The most famous story told about me, however, is the one about the time I forgot to put on my trunks. What happened is that you had to have purple-and-blue or red-and-purple trunks in your bag. Once at the arena, after they checked your mouth guards, hand bandages, and cups, the commission people would tell you which trunks you were going to wear. So you had on your robe but not your trunks until just before the fight. Fortunately, I always wore tights under my cup because if I didn’t I would get a rash from the leather. So, did I forget, and go into the ring without my trunks? Yes. Was I naked? No. Still, it made quite a story in the local papers.

Back then, fighting a main event paid maybe $1,500. So the pay was okay. But I still retired from the ring in 1952. The reason was that my reflexes were gone.

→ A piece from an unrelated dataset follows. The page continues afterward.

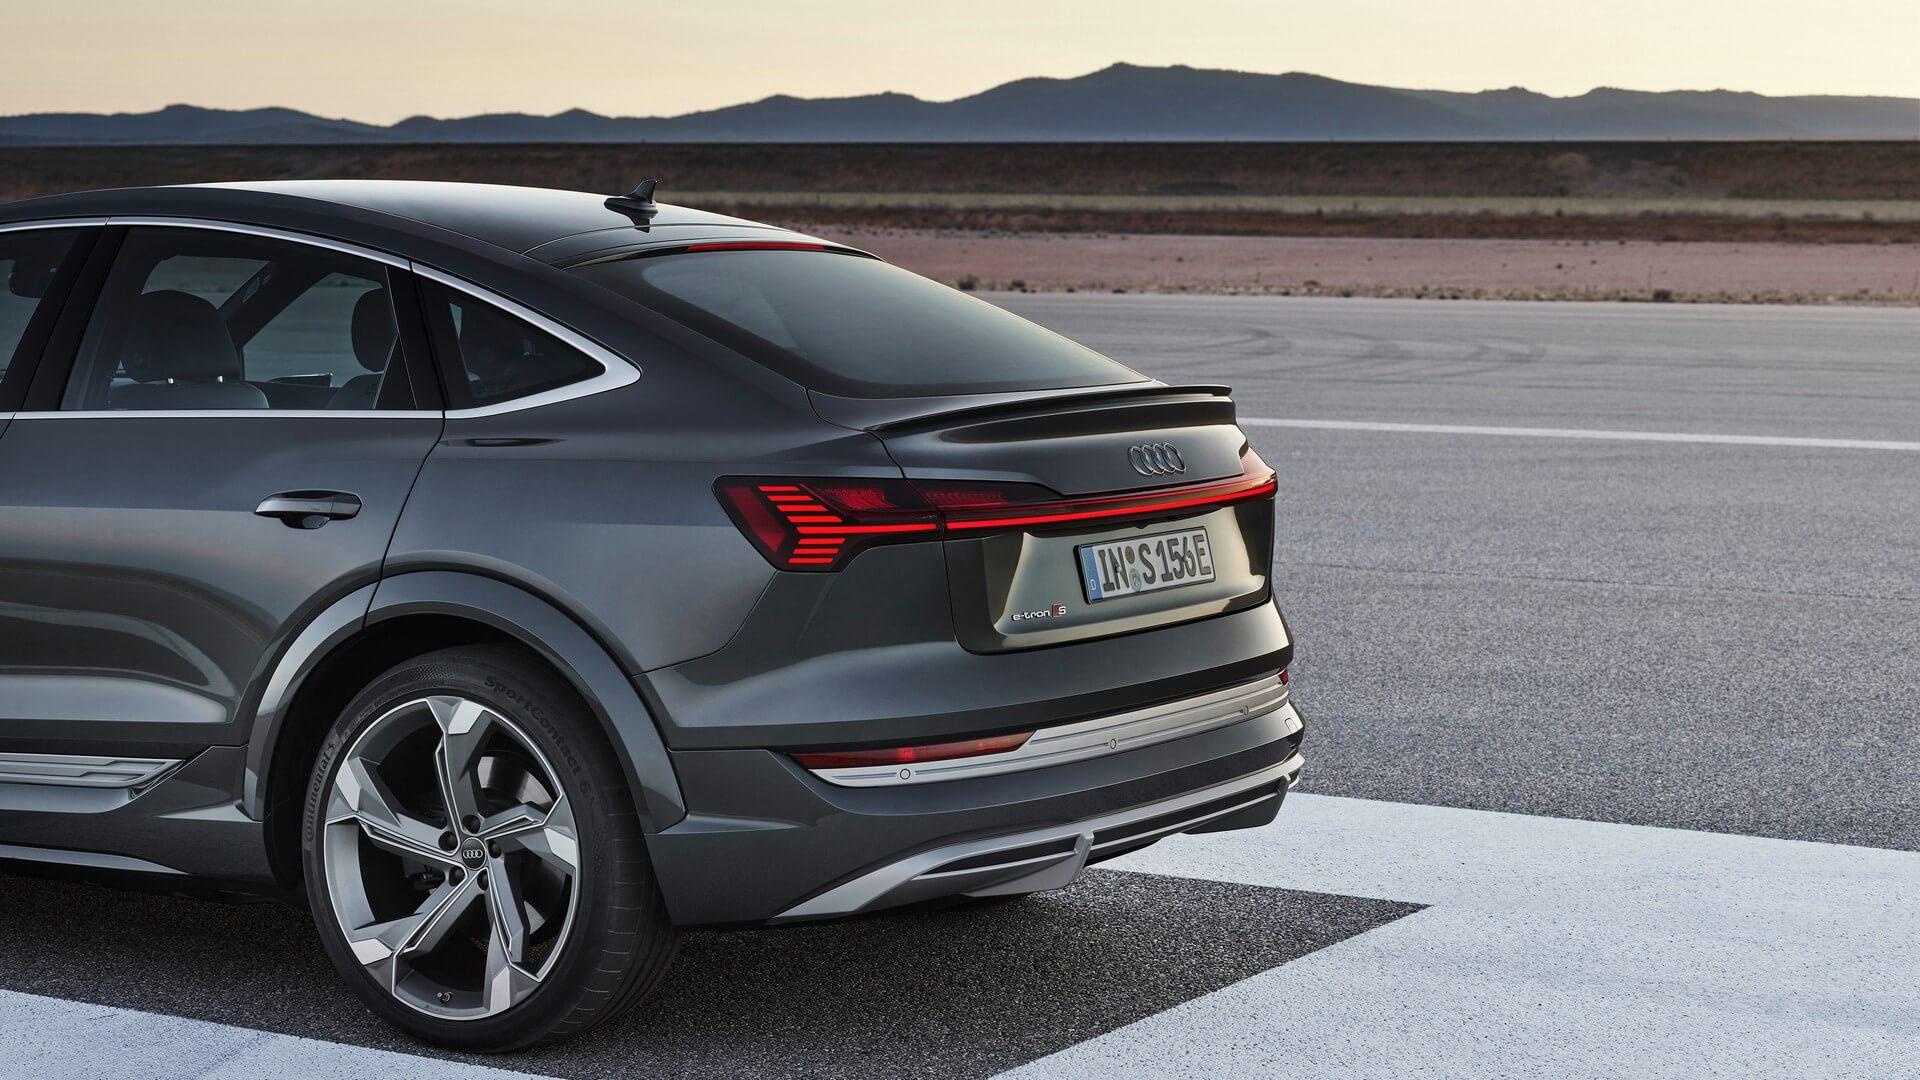 Audi-E-Tron-S-and-E-Tron-S-Sportback-2020-80

After that I went to work for General Electric, where I eventually became the first non-Caucasian to hold an executive position (auditor).

Yamaoka’s statement that The Ring never ranked him is not quite true, as in its February 1949 issue the magazine rated him as a Class 2 bantamweight. So, while he was not in the top ten, he was still well regarded enough to become the first California Nisei to earn main-event status as a boxer.


EDITOR'S NOTES

EN1. "Relocation center" is the official US government euphemism for the concentration camps to which it sent Japanese Americans during World War II. Poston was located about twelve miles south of Parker, Arizona, on the Colorado Indian Reservation. The local Apaches protested the use of their land for this purpose, not wanting to see others suffer the same injustice as they had suffered, but as usual the Army and the Bureau of Indian Affairs overruled them. The Poston building contractor was Del Webb, who had just finished building Luke Air Force Base and would later build Sun City. Visitors to Poston included newsman Chet Huntley, then of CBS News. For a description of the site, see Jeffery F. Burton, Mary M. Farrell, Florence B. Lord, and Richard W. Lord, Confinement and Ethnicity: An Overview of World War II Japanese American Relocation Sites (Tucson, AZ: Western Archaeological and Conservation Center, National Park Service, 1999). For hundreds of online photos of wartime Poston, go to http://www.nara.gov/nara/nail.html; next, go to NAIL standard search and use the keyword "Poston."

EN2. Stillman’s Gym was located at 919 Eighth Avenue in New York. Open seven days a week, including Christmas and Yom Kippur, its notable features included its smell, which writer Sam Toperoff said included every foul male odor ever made, and its pistol-packing gym manager Lou Ingber, who legally changed his name to Stillman and treated every fighter, champion or bum, the same -- badly. There was room around the gym’s two main rings for about 200 spectators. Fans, reporters, and trainers piled in for a 25¢ fee to watch up-and-coming fighters and former champions train. Stillman’s closed in 1959, a victim of televised boxing and the middle-class exodus to the suburbs. Selling the gym, Stillman told reporter Al Braverman several years later, was the worst thing he ever did, as it left him with nobody to talk to, nobody to abuse.